Thanks for challenging that. As you already know (since I've seen you issue this challenge before ), I don't have to cat into either command, when I can use redirect for 'tr' and sed will work on a specified file. Saves a couple of processes.

Also, thanks for fixing my code tags before. I was trying to do that, and then saw it was already done.

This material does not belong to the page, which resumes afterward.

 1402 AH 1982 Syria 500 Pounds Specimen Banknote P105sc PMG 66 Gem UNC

So the 'tr' line can be changed to:

 
tr -s '\012' ' ' < $FILE1 > $FILE2

and the sed line can be changed to:

 
sed -e 's/ \([0-2][0-9][0-5][0-9] TMU\)/\
\1/g' $FILE2 | sed -n -e '/[0-2][0-9][0-5][0-9] TMU [MW][EX]/P'

atc98092 · January 22, 2009, 1:25pm

I don't want anyone to think I'm ignoring posts, but I got pulled into an all-day meeting and it may last through tomorrow. Next week I'm traveling (Hawaii, yeah!) so won't be able to test anything on a Linux box. I will still try things on my Windows laptop, but as I've already found, what works here may not work there.:rolleyes:

I really appreciate all the help, and I'm sure we'll come up with a solution. I'm excited to try using awk instead of sed, and I have it on my laptop as well. Please keep the suggestions coming!

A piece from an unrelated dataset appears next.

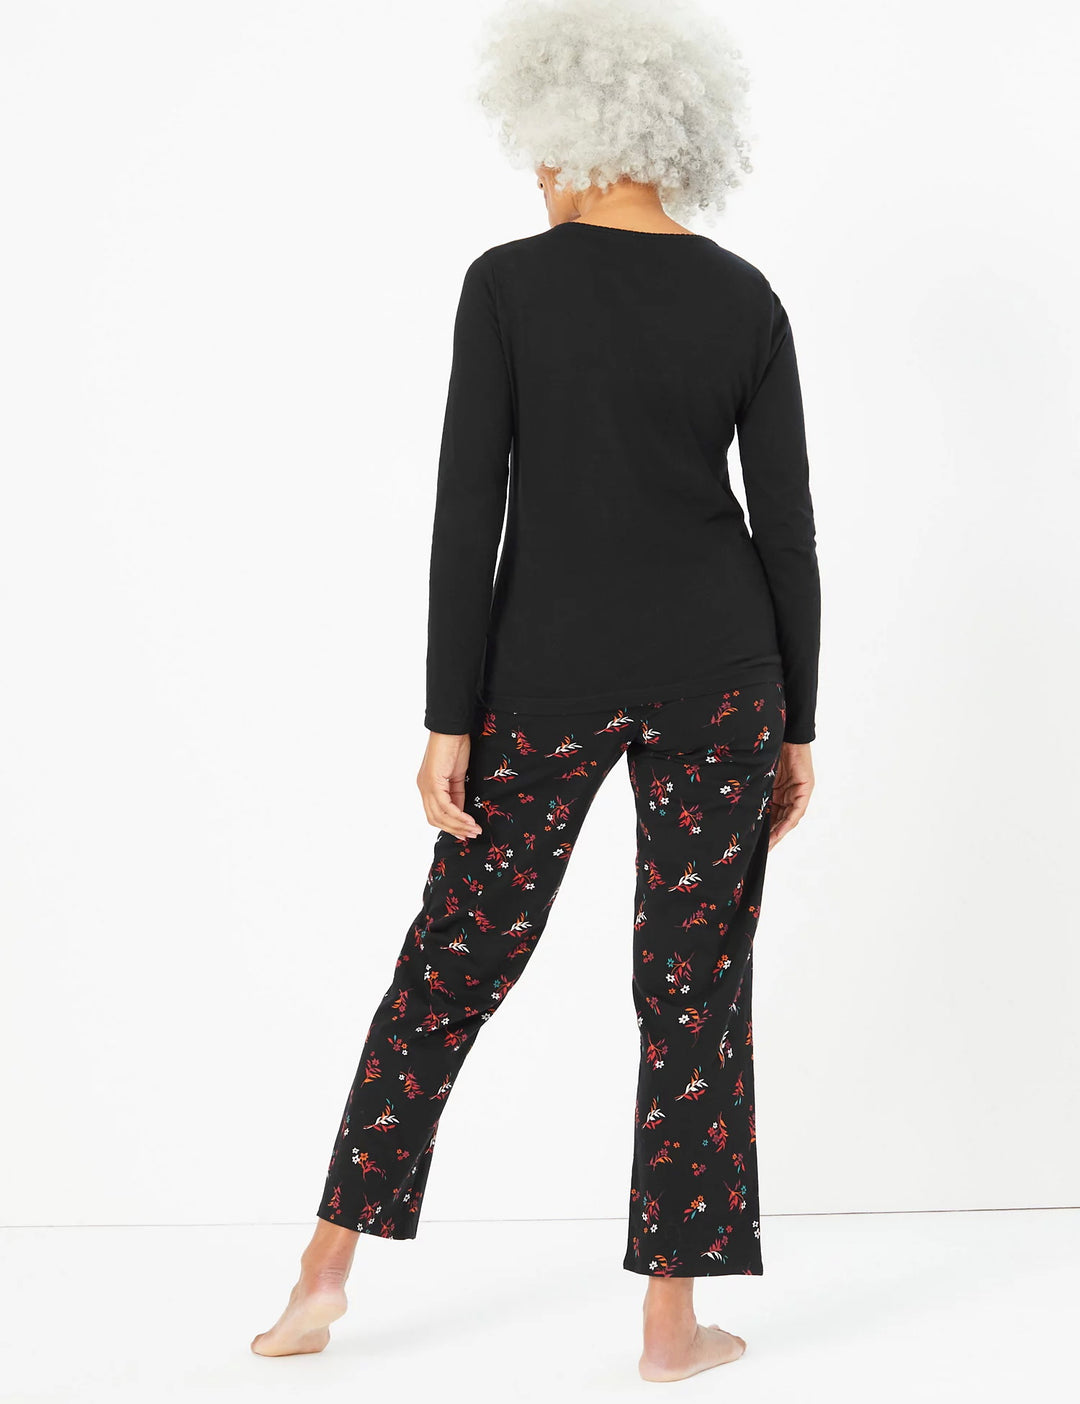 M&S Ladies Pajama Suit T37/4385F

atc98092 · February 3, 2009, 4:28pm

Back from Hawaii, leave for Florida tomorrow. Jacksonville is as cold as Seattle right now!

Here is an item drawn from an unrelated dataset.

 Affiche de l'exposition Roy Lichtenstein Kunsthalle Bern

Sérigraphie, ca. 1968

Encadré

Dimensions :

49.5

I did some testing today (on Linux), and I think I have what I need. This is what I did:

cat 15.txt | tr -s '\012' ' ' > tmp.txt

echo WEATHER: > tmp3.txt
echo
cat tmp.txt | sed 's/ \([0-2][0-9][0-5][0-9] TMU\)/\
\1/g' | sed -n '/[0-2][0-9][0-5][0-9] TMU [WX:]/P' >> tmp3.txt
echo EQUIPMENT: >> tmp3.txt
echo
cat tmp.txt | sed 's/ \([0-2][0-9][0-5][0-9] TMU\)/\
\1/g' | sed -n '/[0-2][0-9][0-5][0-9] TMU [EQ:]/P' >> tmp3.txt
echo METERING: >> tmp3.txt
echo
sed -e 's/ \([0-2][0-9][0-5][0-9] TMU\)/\
\1/g' tmp.txt | sed -n -e '/[0-2][0-9][0-5][0-9] TMU [MET][EX]/P' >> tmp3.txt
rm tmp.txt

If I am following the flow correctly, after the first cat changes the newlines to spaces and saves into a temp file, I can then scan for my keywords to retrieve the individual entries required. On the first two I scan for WX: and EQ: and it returns exactly what I want :D.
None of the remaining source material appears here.